• Directions for this task:
Retype every record below exactly as it is written.

• Information supplied:
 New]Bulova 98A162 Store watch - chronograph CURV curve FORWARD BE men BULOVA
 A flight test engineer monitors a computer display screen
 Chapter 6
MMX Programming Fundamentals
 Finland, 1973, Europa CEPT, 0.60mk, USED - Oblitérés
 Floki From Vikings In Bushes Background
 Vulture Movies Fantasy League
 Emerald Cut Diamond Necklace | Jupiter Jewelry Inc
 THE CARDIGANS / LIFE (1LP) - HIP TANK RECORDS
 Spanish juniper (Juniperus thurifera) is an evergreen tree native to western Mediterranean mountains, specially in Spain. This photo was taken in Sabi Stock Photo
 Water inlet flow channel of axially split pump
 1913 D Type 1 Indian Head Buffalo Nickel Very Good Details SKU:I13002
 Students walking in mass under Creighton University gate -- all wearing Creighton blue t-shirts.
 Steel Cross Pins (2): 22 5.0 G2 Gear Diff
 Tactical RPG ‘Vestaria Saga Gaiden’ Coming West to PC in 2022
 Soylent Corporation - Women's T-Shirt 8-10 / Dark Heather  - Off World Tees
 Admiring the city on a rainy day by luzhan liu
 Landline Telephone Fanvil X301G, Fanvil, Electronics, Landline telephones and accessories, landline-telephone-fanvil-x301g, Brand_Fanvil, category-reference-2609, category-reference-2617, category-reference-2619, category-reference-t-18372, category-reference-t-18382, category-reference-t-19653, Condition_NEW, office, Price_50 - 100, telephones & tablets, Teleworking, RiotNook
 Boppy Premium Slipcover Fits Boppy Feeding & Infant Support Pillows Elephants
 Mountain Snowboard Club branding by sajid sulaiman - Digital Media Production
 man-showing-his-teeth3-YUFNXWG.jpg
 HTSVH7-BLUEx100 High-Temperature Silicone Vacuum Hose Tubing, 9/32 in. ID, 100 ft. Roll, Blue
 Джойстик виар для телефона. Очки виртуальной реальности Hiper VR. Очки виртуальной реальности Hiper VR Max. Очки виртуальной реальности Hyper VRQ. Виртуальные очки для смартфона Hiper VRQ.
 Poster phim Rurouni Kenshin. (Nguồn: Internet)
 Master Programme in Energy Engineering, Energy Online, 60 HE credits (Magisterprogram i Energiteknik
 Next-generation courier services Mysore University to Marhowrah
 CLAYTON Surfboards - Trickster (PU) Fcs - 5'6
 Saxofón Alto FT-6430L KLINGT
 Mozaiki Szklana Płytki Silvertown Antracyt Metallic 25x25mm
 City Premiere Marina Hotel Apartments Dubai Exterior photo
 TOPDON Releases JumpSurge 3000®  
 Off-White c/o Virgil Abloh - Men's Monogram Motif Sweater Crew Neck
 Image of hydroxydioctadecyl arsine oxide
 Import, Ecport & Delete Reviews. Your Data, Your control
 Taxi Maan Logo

• Exercise response:
 New]Bulova 98A162 Store watch - chronograph CURV curve FORWARD BE men BULOVA
 A flight test engineer monitors a computer display screen
 Chapter 6
MMX Programming Fundamentals
 Finland, 1973, Europa CEPT, 0.60mk, USED - Oblitérés
 Floki From Vikings In Bushes Background
 Vulture Movies Fantasy League
 Emerald Cut Diamond Necklace | Jupiter Jewelry Inc
 THE CARDIGANS / LIFE (1LP) - HIP TANK RECORDS
 Spanish juniper (Juniperus thurifera) is an evergreen tree native to western Mediterranean mountains, specially in Spain. This photo was taken in Sabi Stock Photo
 Water inlet flow channel of axially split pump
 1913 D Type 1 Indian Head Buffalo Nickel Very Good Details SKU:I13002
 Students walking in mass under Creighton University gate -- all wearing Creighton blue t-shirts.
 Steel Cross Pins (2): 22 5.0 G2 Gear Diff
 Tactical RPG ‘Vestaria Saga Gaiden’ Coming West to PC in 2022
 Soylent Corporation - Women's T-Shirt 8-10 / Dark Heather  - Off World Tees
 Admiring the city on a rainy day by luzhan liu
 Landline Telephone Fanvil X301G, Fanvil, Electronics, Landline telephones and accessories, landline-telephone-fanvil-x301g, Brand_Fanvil, category-reference-2609, category-reference-2617, category-reference-2619, category-reference-t-18372, category-reference-t-18382, category-reference-t-19653, Condition_NEW, office, Price_50 - 100, telephones & tablets, Teleworking, RiotNook
 Boppy Premium Slipcover Fits Boppy Feeding & Infant Support Pillows Elephants
 Mountain Snowboard Club branding by sajid sulaiman - Digital Media Production
 man-showing-his-teeth3-YUFNXWG.jpg
 HTSVH7-BLUEx100 High-Temperature Silicone Vacuum Hose Tubing, 9/32 in. ID, 100 ft. Roll, Blue
 Джойстик виар для телефона. Очки виртуальной реальности Hiper VR. Очки виртуальной реальности Hiper VR Max. Очки виртуальной реальности Hyper VRQ. Виртуальные очки для смартфона Hiper VRQ.
 Poster phim Rurouni Kenshin. (Nguồn: Internet)
 Master Programme in Energy Engineering, Energy Online, 60 HE credits (Magisterprogram i Energiteknik
 Next-generation courier services Mysore University to Marhowrah
 CLAYTON Surfboards - Trickster (PU) Fcs - 5'6
 Saxofón Alto FT-6430L KLINGT
 Mozaiki Szklana Płytki Silvertown Antracyt Metallic 25x25mm
 City Premiere Marina Hotel Apartments Dubai Exterior photo
 TOPDON Releases JumpSurge 3000®  
 Off-White c/o Virgil Abloh - Men's Monogram Motif Sweater Crew Neck
 Image of hydroxydioctadecyl arsine oxide
 Import, Ecport & Delete Reviews. Your Data, Your control
 Taxi Maan Logo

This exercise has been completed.